I'm having some difficulty to solve this sum....i'm nt able to form the diagram nor solve d question... please help.....
Prove that the sum of the angls formed in the four segments exterior to a cyclic quadrilateral by the sides is equal to six right angles.
Let ABCD be the given cyclic quadrilateral.
∠P, ∠Q, ∠R and ∠S are in the four external segments.
To Prove: ∠P + ∠Q + ∠R + ∠S = 6 right angles.
Construction: Join SB and SC.
It can be clearly seen that, APBS is a cyclic quadrilateral.

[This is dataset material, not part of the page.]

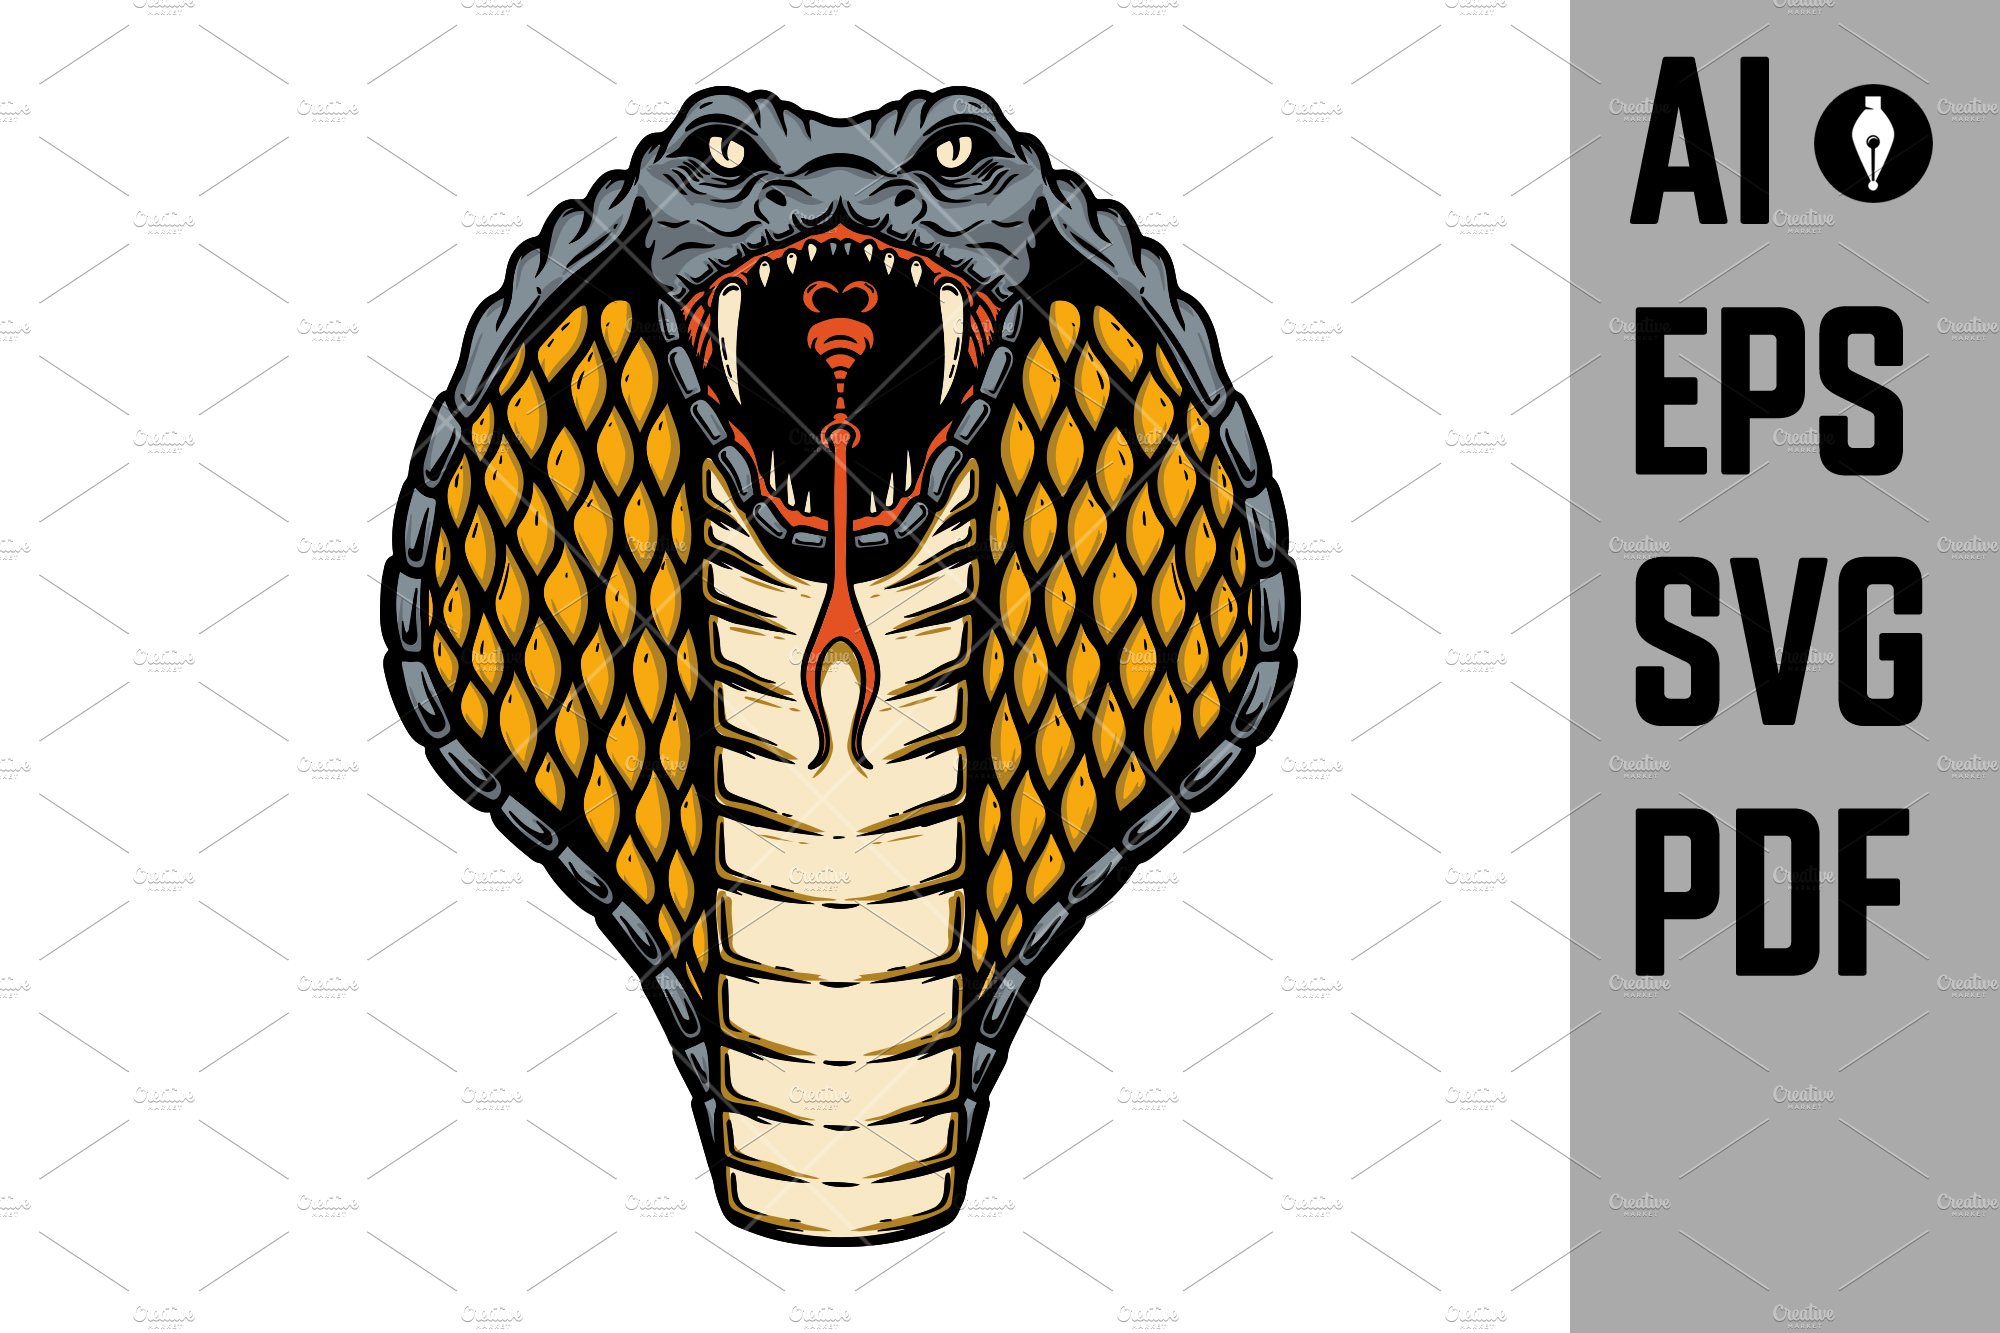 Illustration of cobra snake. Design cover image.

∴ ∠ASB + ∠P = 180° ............ (1)
Similarly, BQCS and CRDS are cyclic quadrilaterals.
∴ ∠CSB + ∠Q = 180° ............ (2)
and, ∠CSD + ∠R = 180° ............ (3)
Adding (1), (2) and (3),
∠ASB + ∠CSB + ∠P + ∠Q + ∠CSD + ∠R = 180° + 180° + 180°
⇒ ∠P + ∠Q + ∠R + (∠ASB + ∠CSB + ∠CSD) = 3 × 180°
⇒ ∠P + ∠Q + ∠R + ∠S = 3 × 2 × 90°
⇒ ∠P + ∠Q + ∠R + ∠S = 6 × 90°
⇒ ∠P + ∠Q + ∠R + ∠S = 6 right angles.